## Provided entries
/---

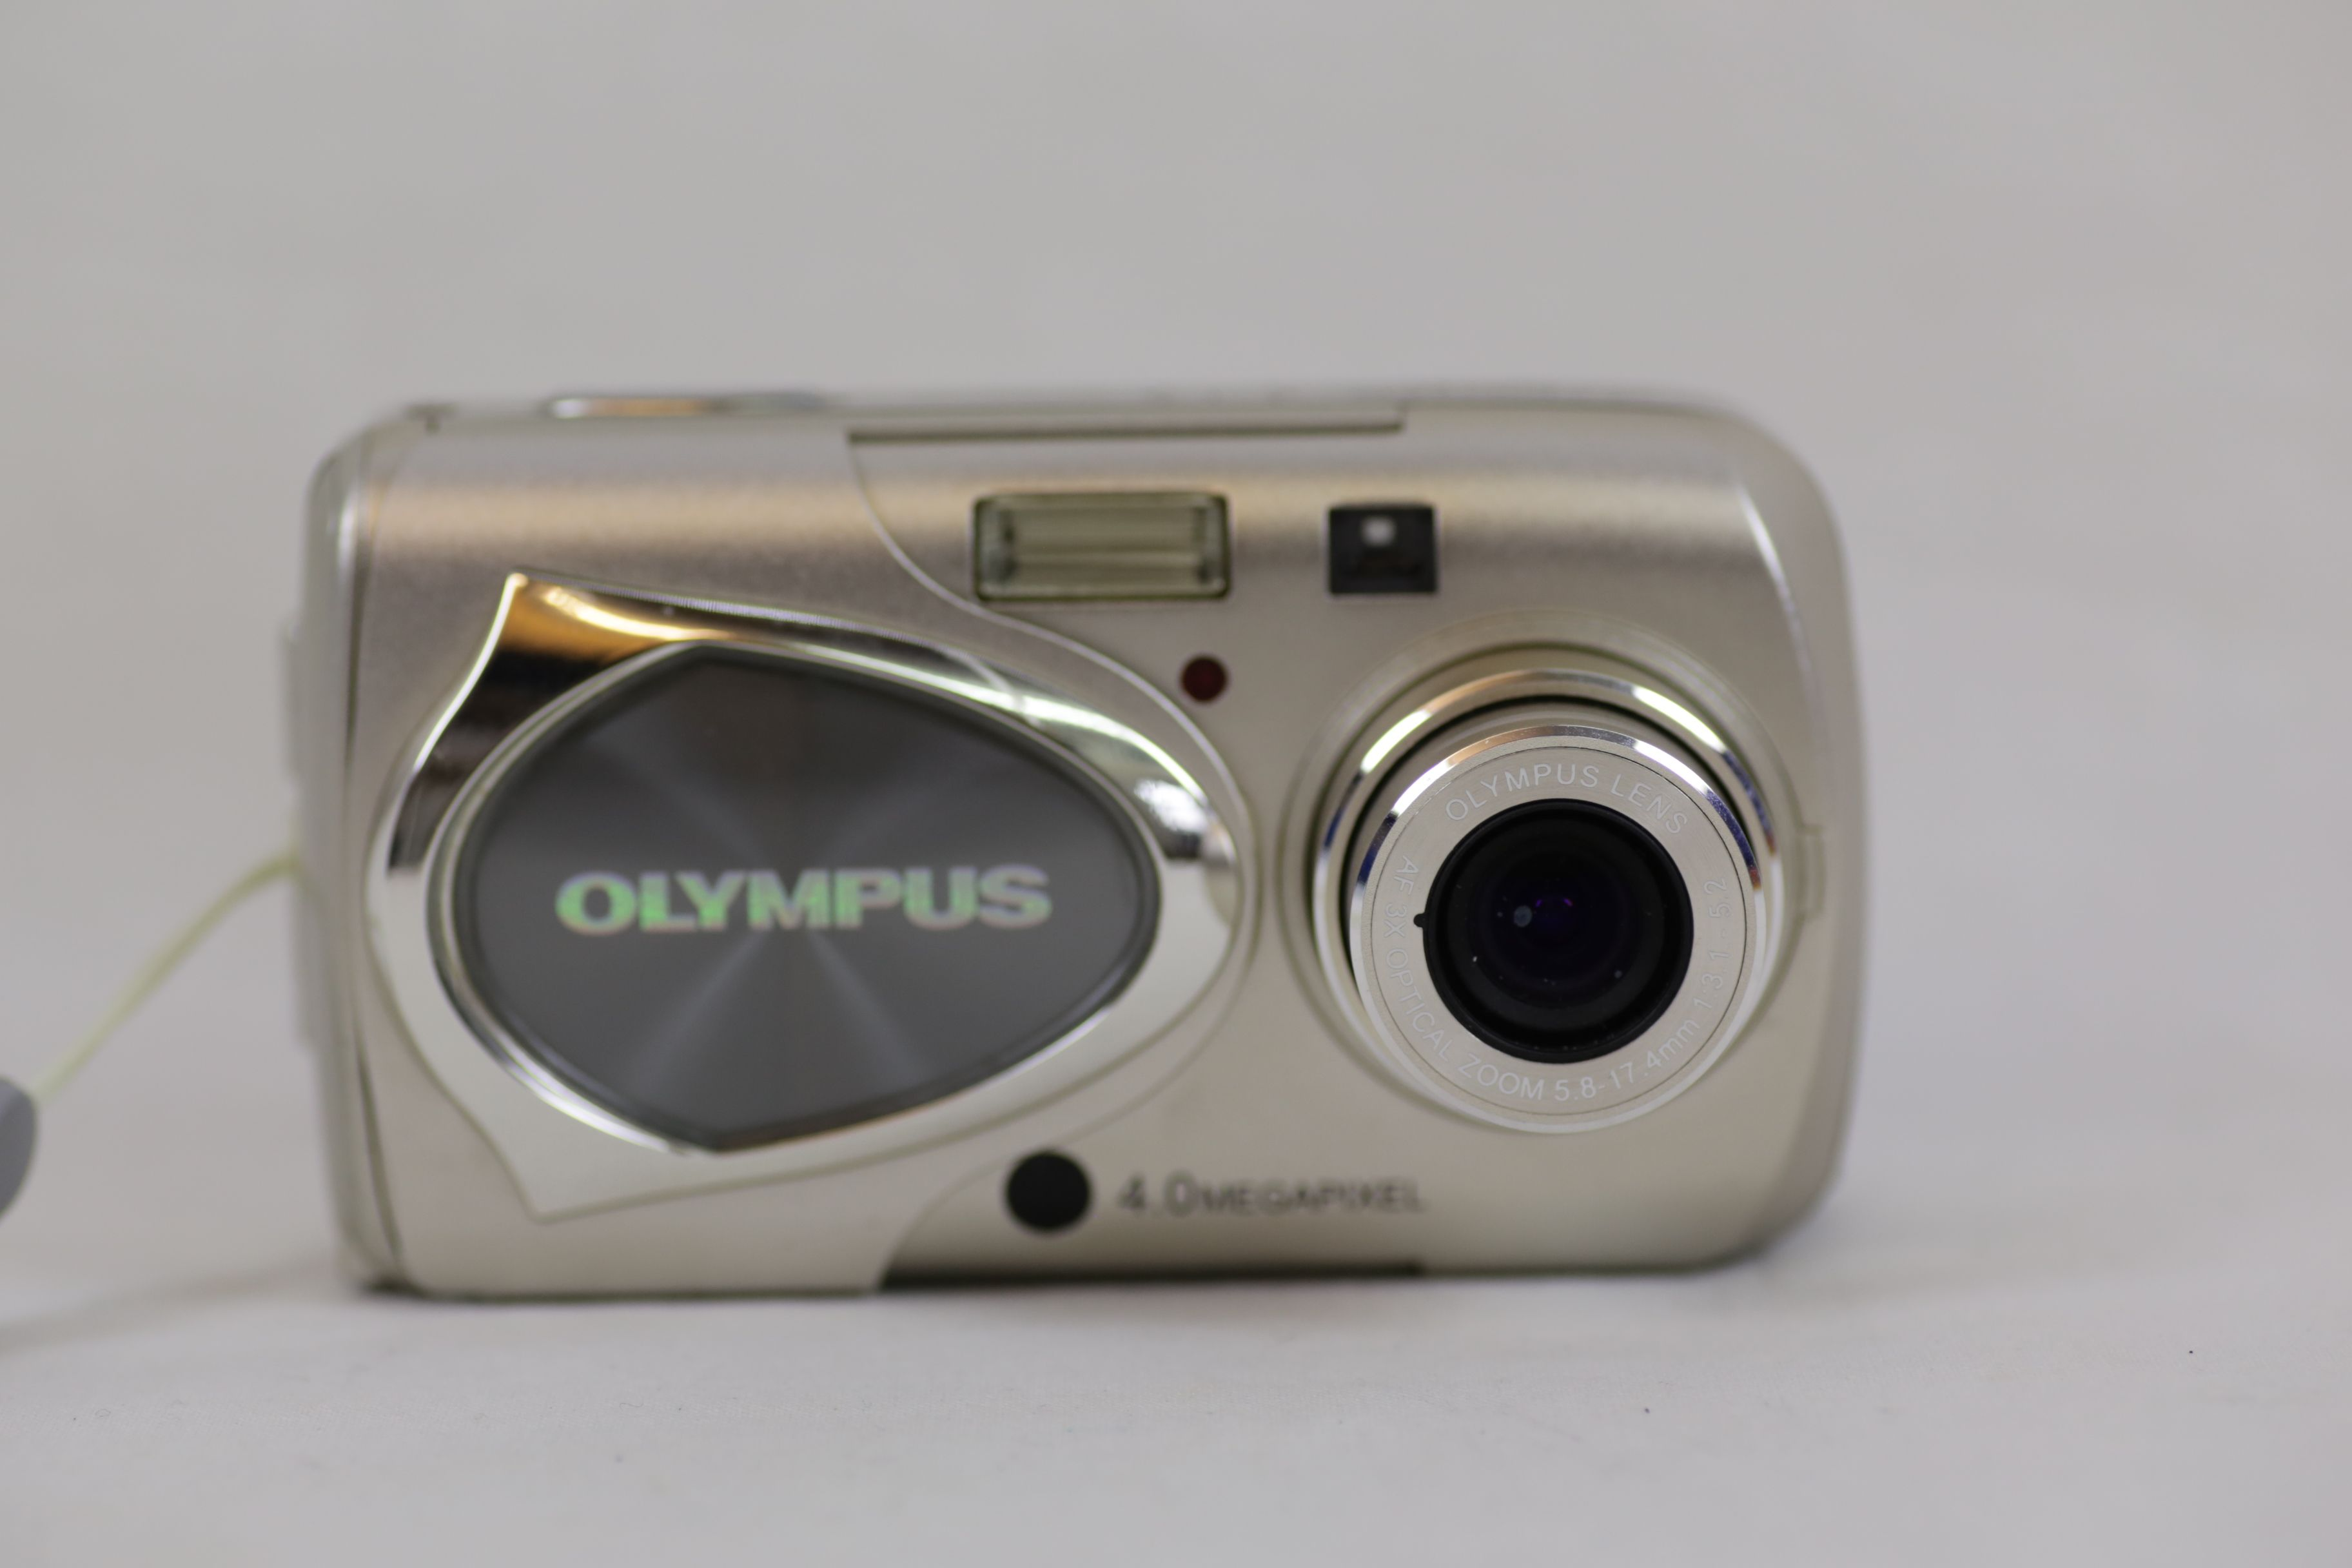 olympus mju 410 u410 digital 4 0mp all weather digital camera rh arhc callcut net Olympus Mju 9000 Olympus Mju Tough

\---
/---

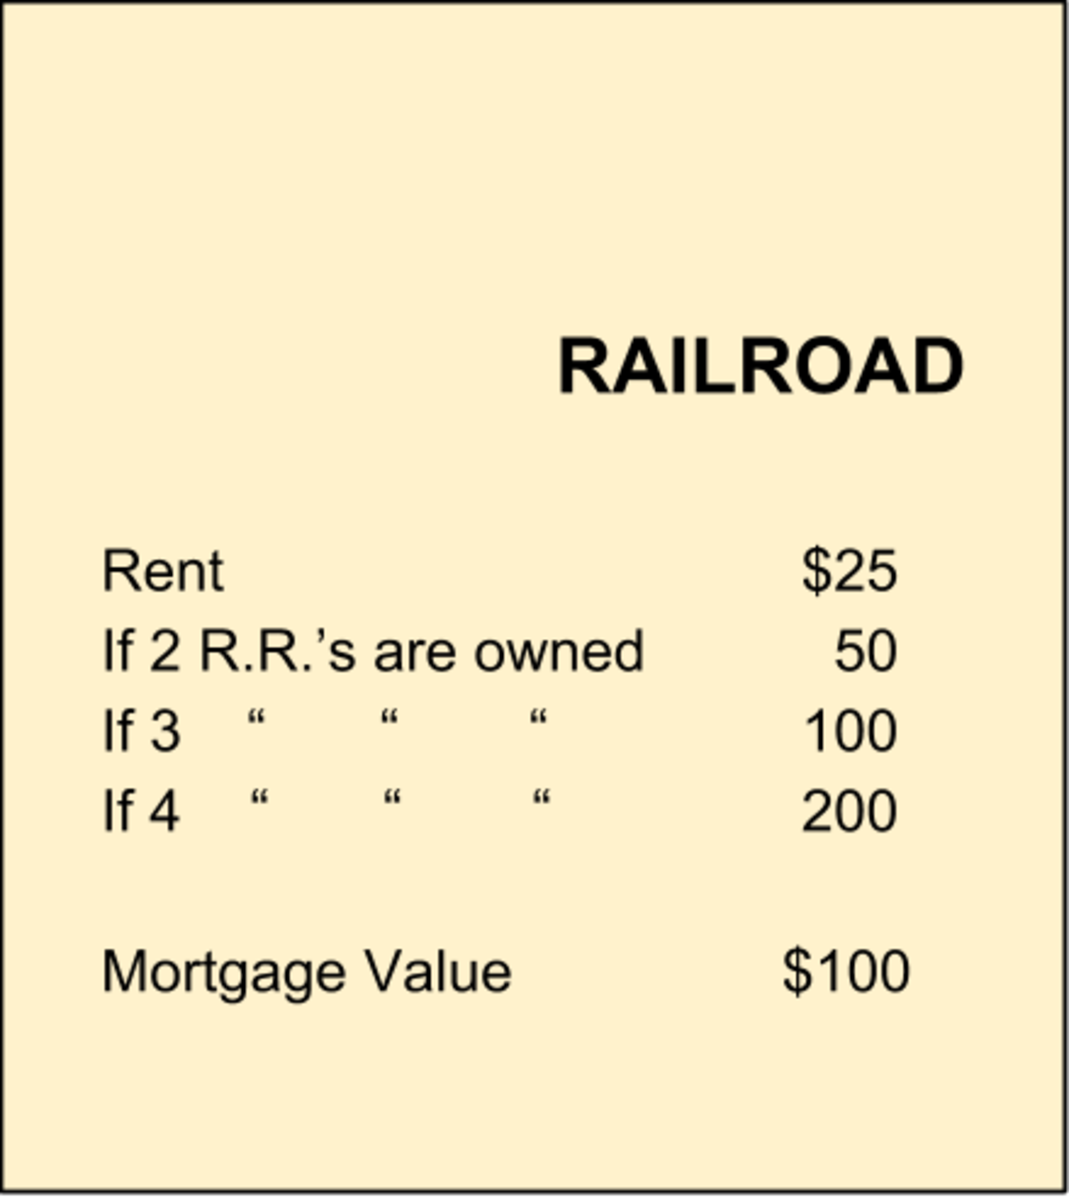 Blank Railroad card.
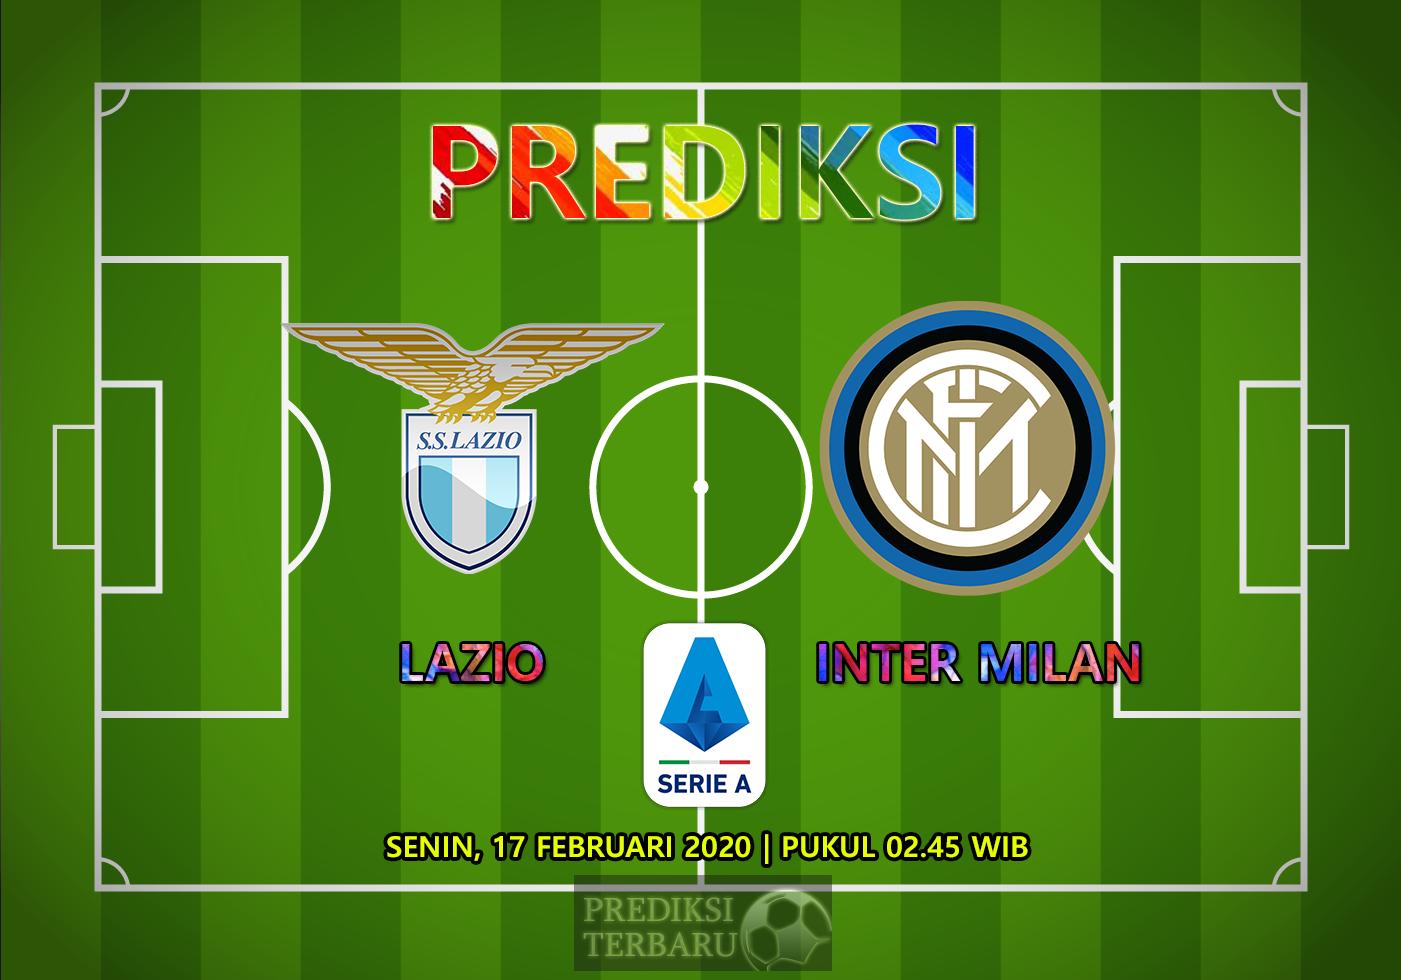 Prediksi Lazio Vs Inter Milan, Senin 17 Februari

\---
/---

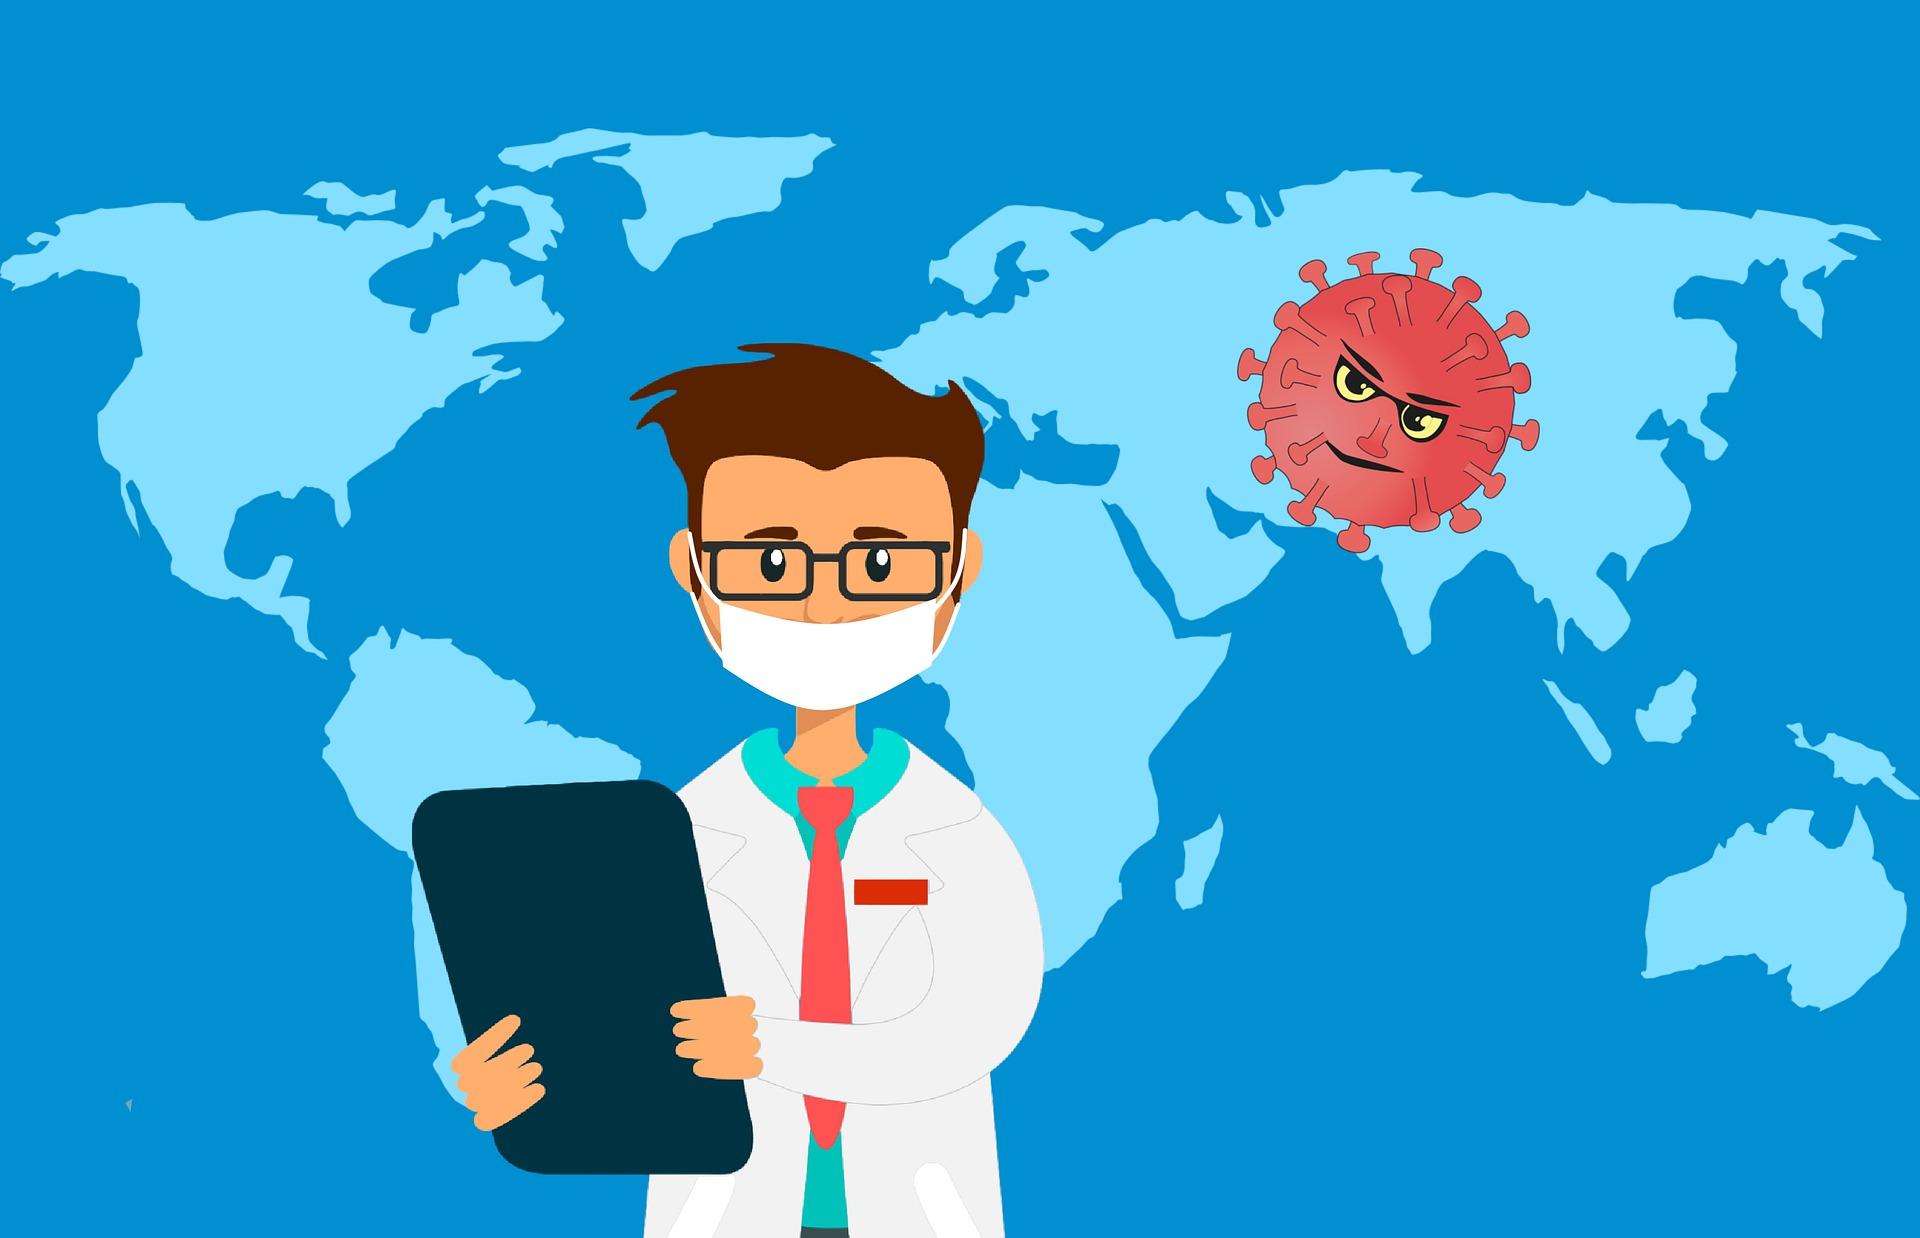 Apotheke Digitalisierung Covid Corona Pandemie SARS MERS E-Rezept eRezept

\---

## Exercise brief
I would like the exact lines from the data above, starting with the one that holds "Blank Railroad card." and going on through the one that holds "Prediksi Lazio Vs", without the pictures.

## Answer to this exercise
 Blank Railroad card.
 Prediksi Lazio Vs Inter Milan, Senin 17 Februari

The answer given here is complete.